The material below is to be copied exactly from the line with "Мужские шорты для" up to and including the line with "SWANKYSWANS Nylah Clutch", with nothing else kept and no pictures.

* **Entries supplied**

========

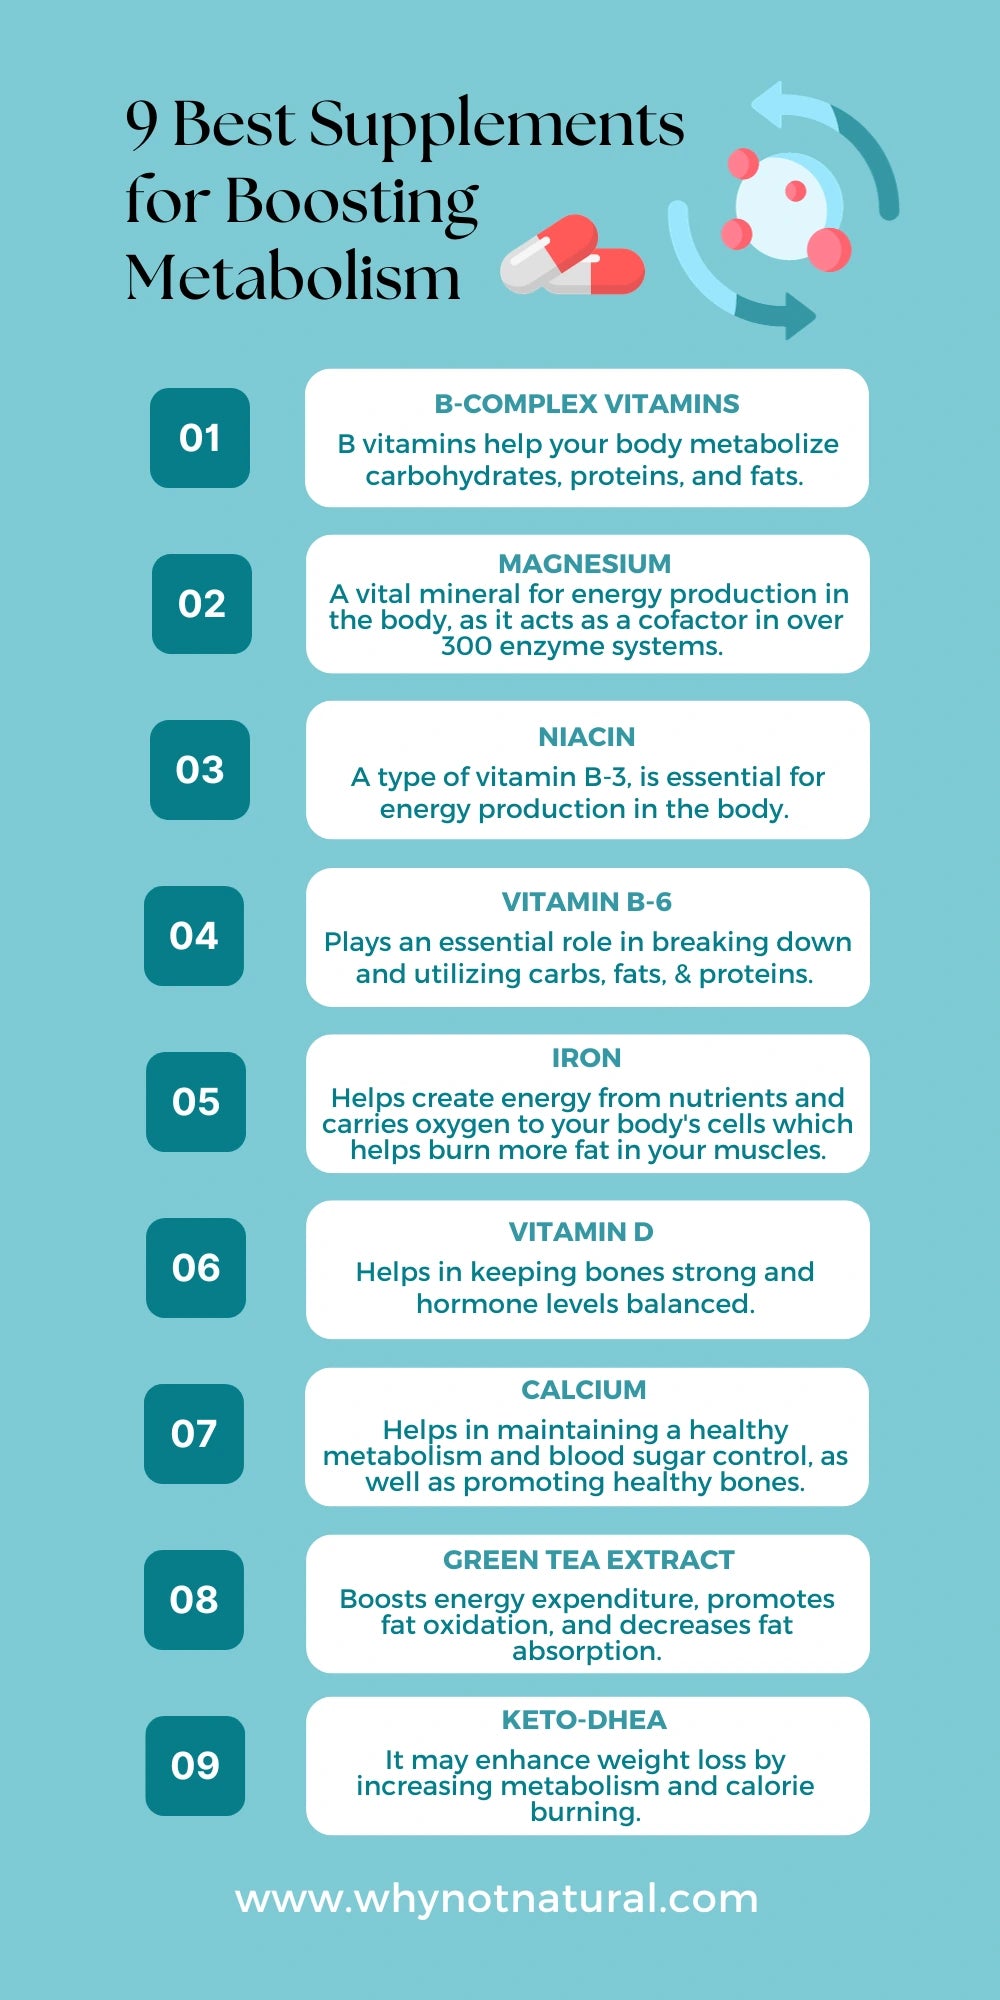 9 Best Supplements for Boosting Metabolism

========

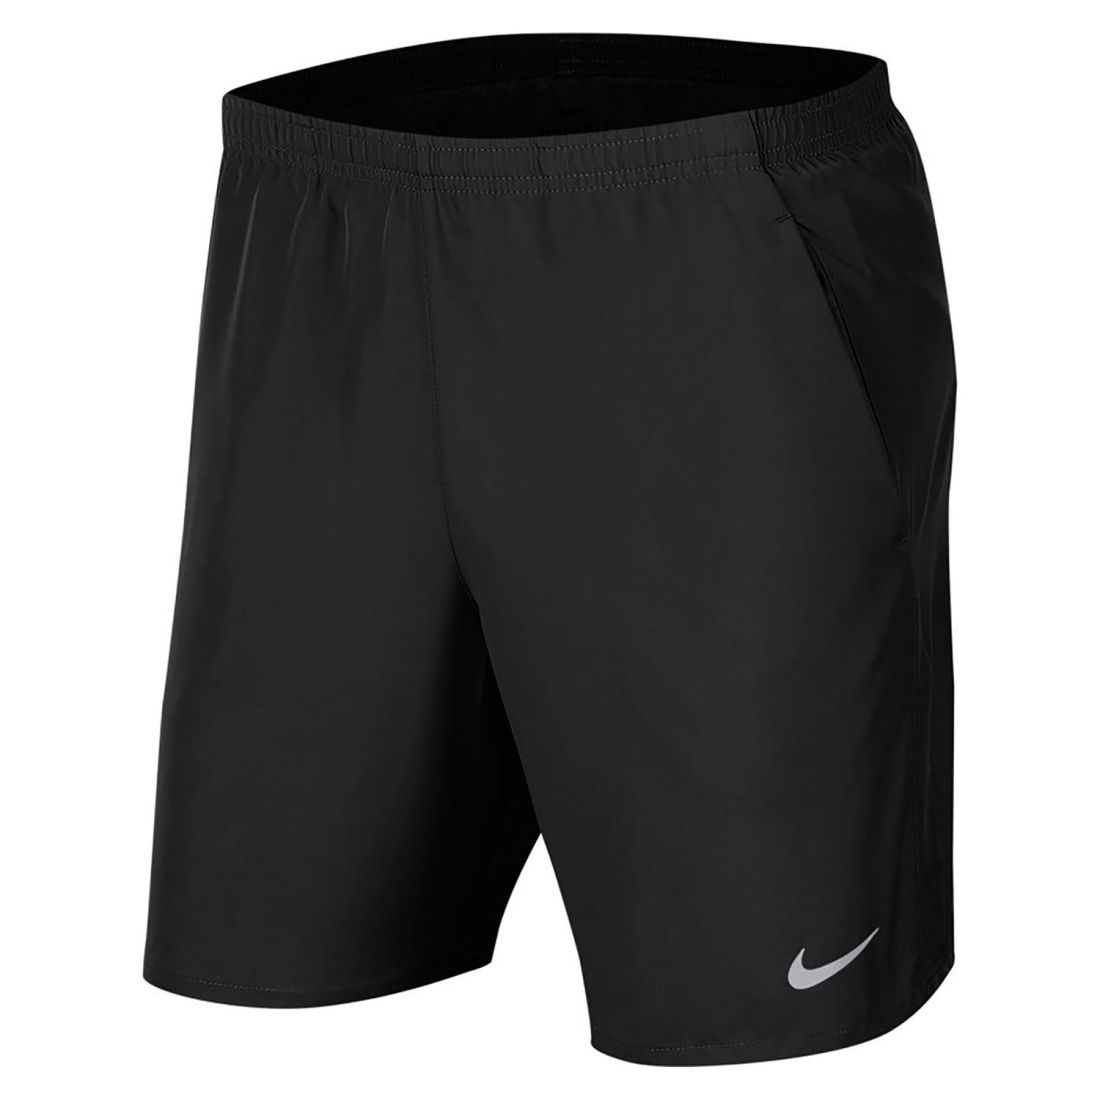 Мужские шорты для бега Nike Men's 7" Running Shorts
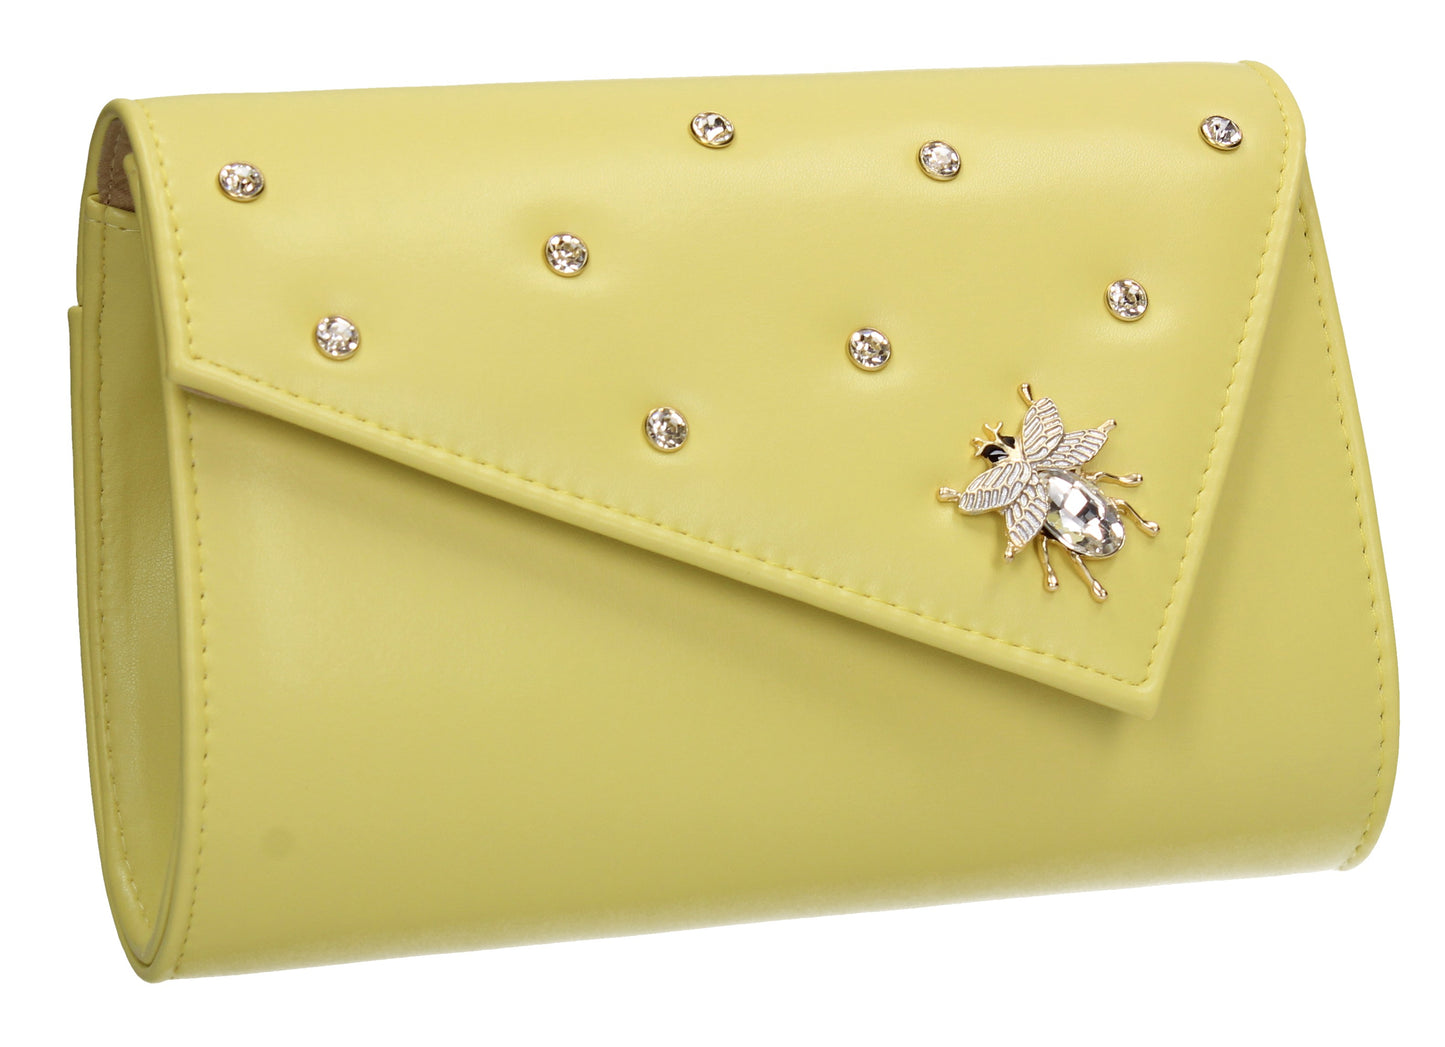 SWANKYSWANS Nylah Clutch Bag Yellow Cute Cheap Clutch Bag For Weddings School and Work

========

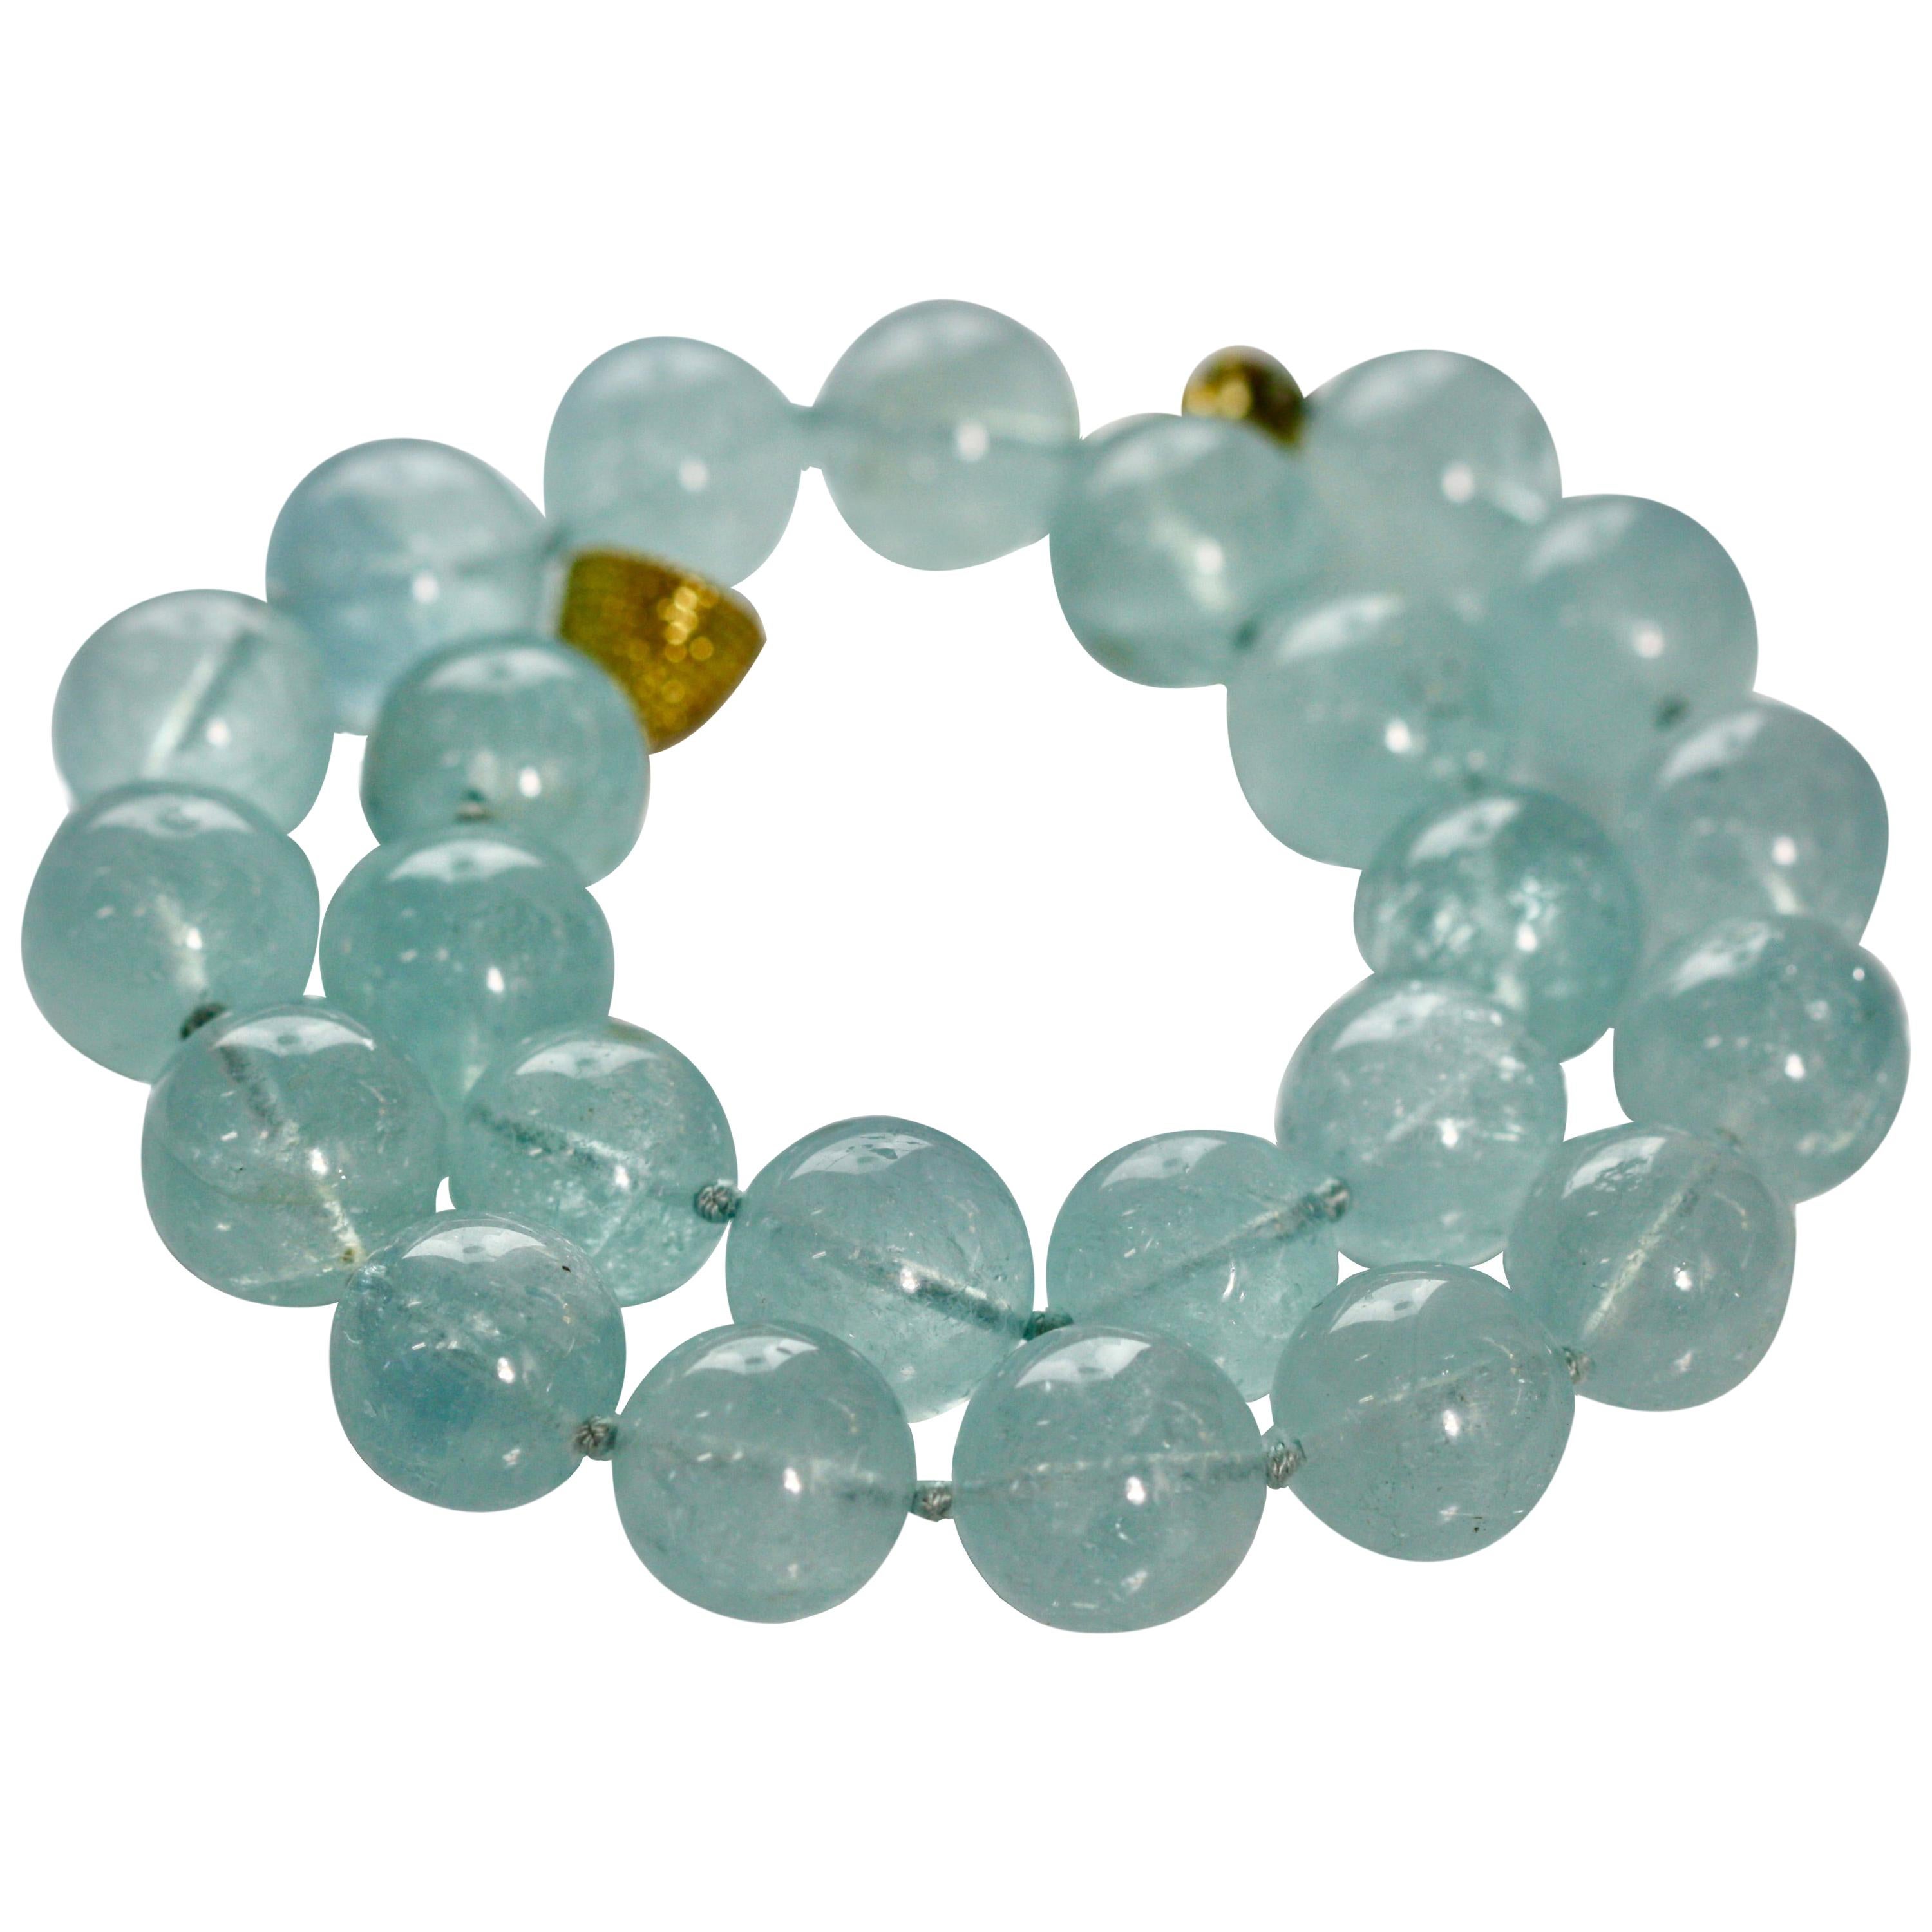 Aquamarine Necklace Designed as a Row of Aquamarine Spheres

========

* **Result**
 Мужские шорты для бега Nike Men's 7" Running Shorts
 SWANKYSWANS Nylah Clutch Bag Yellow Cute Cheap Clutch Bag For Weddings School and Work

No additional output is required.